Search code examples
elasticsearchlogstashkibanalogstash-grok

Extract Parameter (sub-string) from URL GROK Pattern


I have ELK running for log analysis. I have everything working. There are just a few tweaks I would like to make. To all the ES/ELK Gods in stackoverflow, I'd appreciate any help on this. I'd gladly buy you a cup of coffee! :D

Example:

URL: /origina-www.domain.com/this/is/a/path?page=2

First I would like to get the entire path as seen above.

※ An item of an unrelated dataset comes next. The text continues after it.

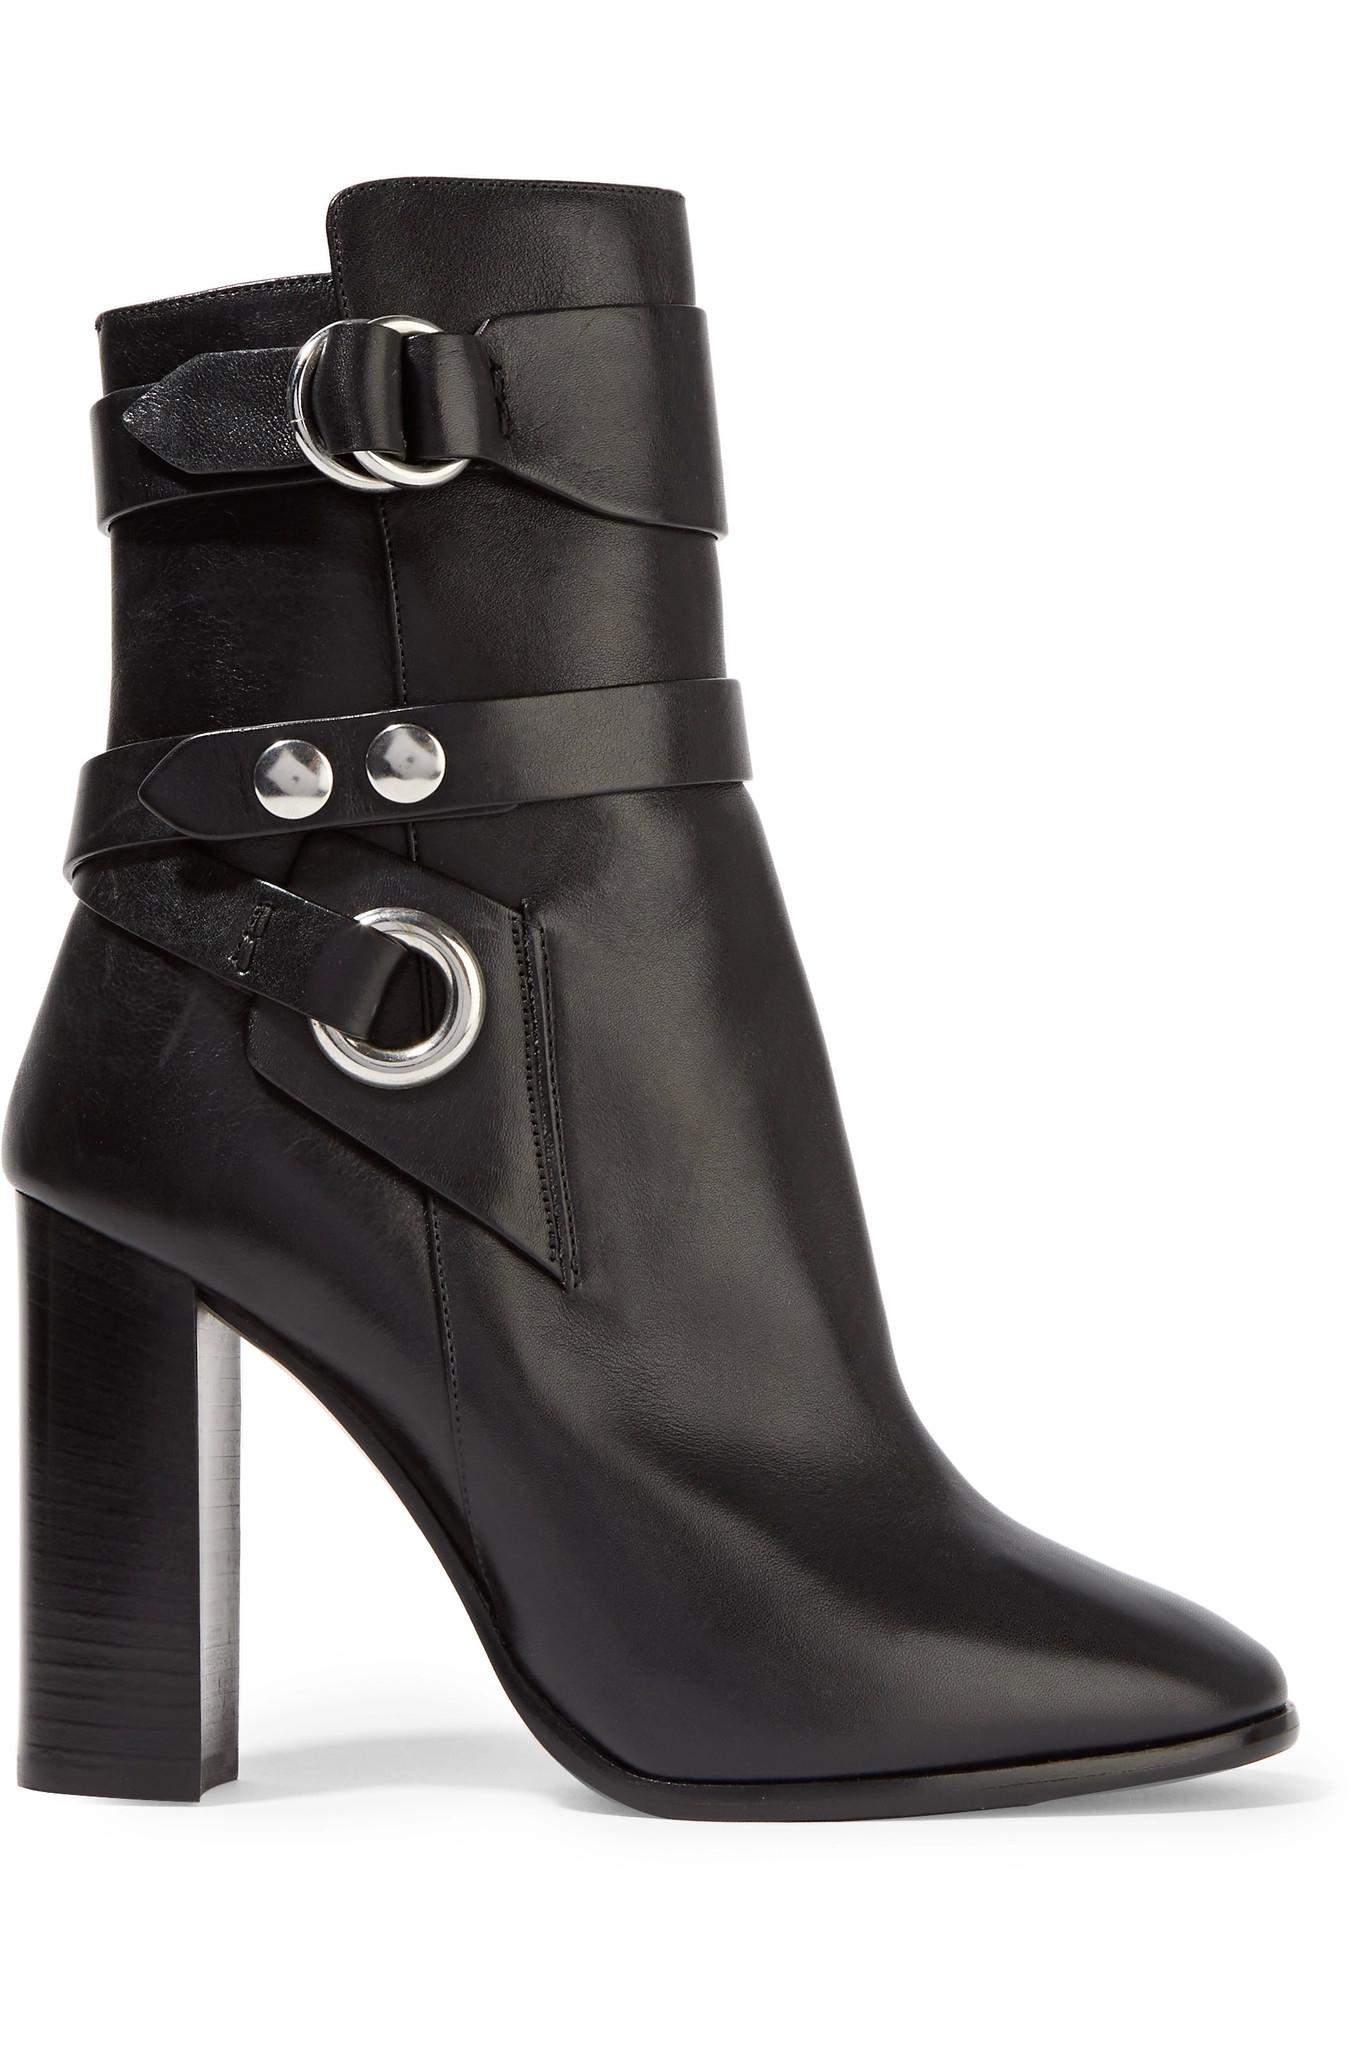 isabel marant aspeyn leather ankle boots in black lyst. Black Bedroom Furniture Sets. Home Design Ideas
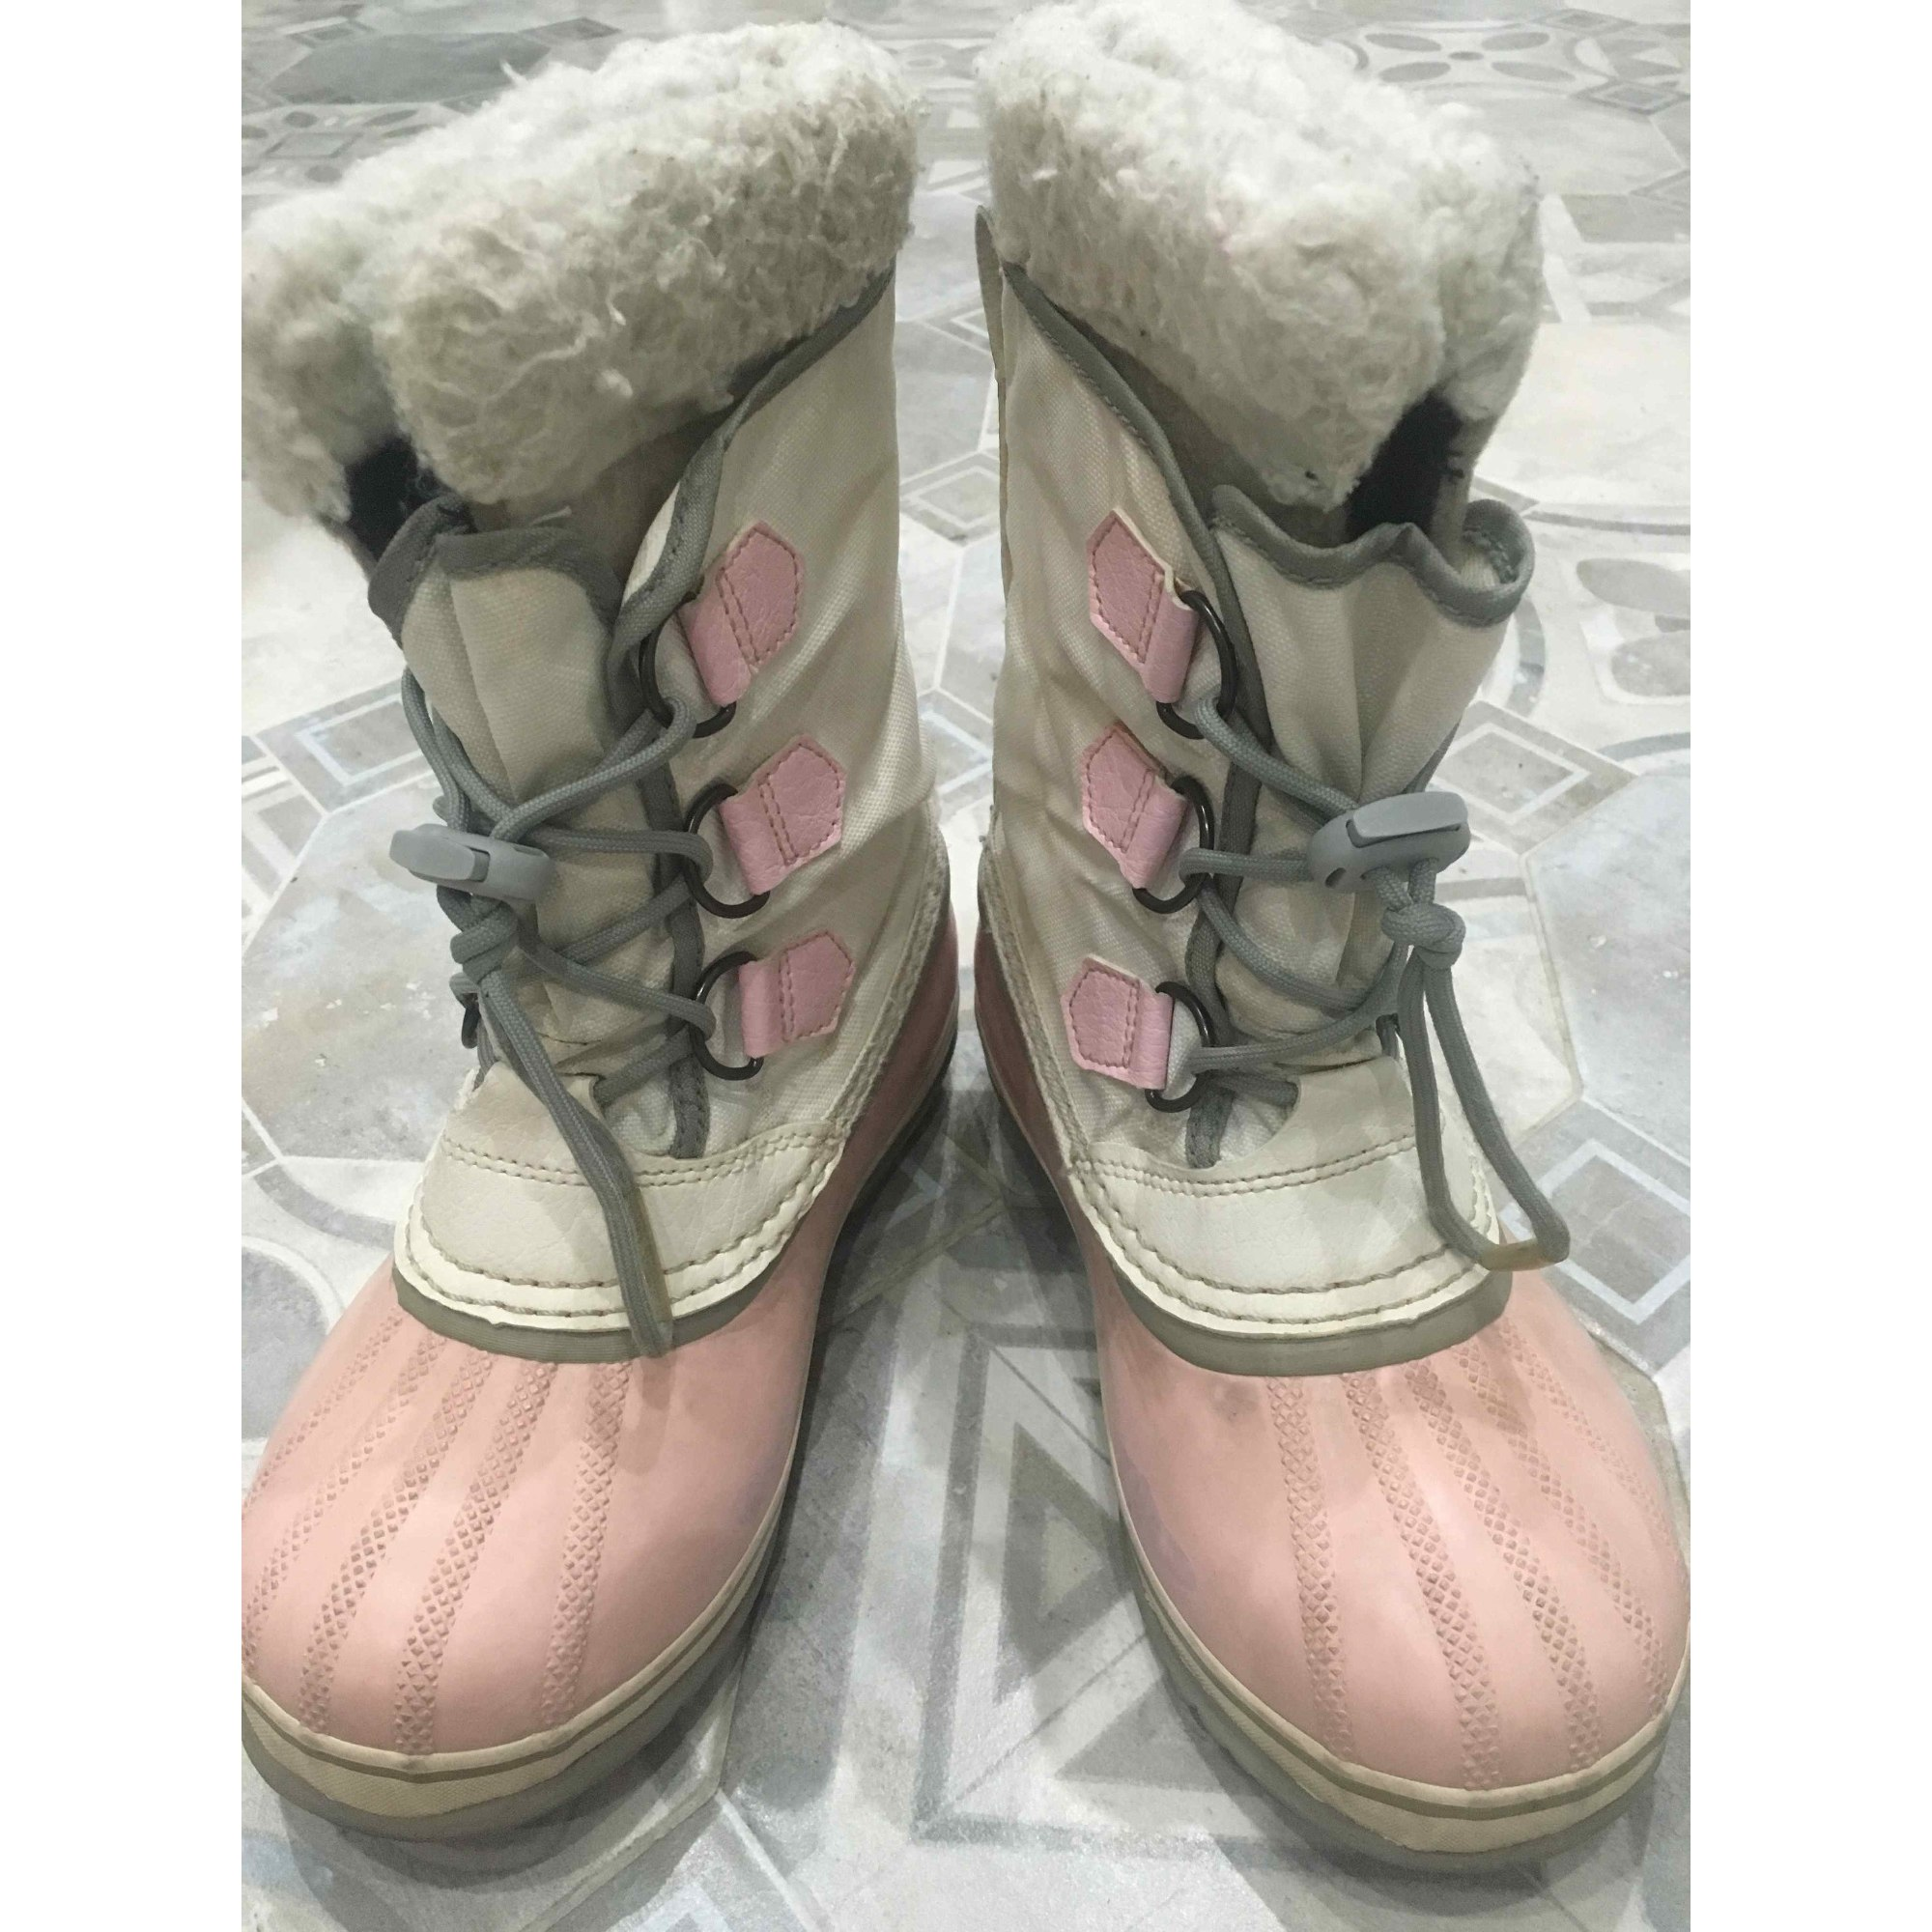 Bottes de neige SOREL simili cuir rose 34

Second, I would like to get just the path before the parameter: /origina-www.domain.com/this/is/a/path

Third, I would like to get just the parameter: ?page=2

Fourth, I would like to make the timestamp on the logfile be the main time stamp on kibana. Currently, the timestamp kibana is showing is the date and time the ES was processed.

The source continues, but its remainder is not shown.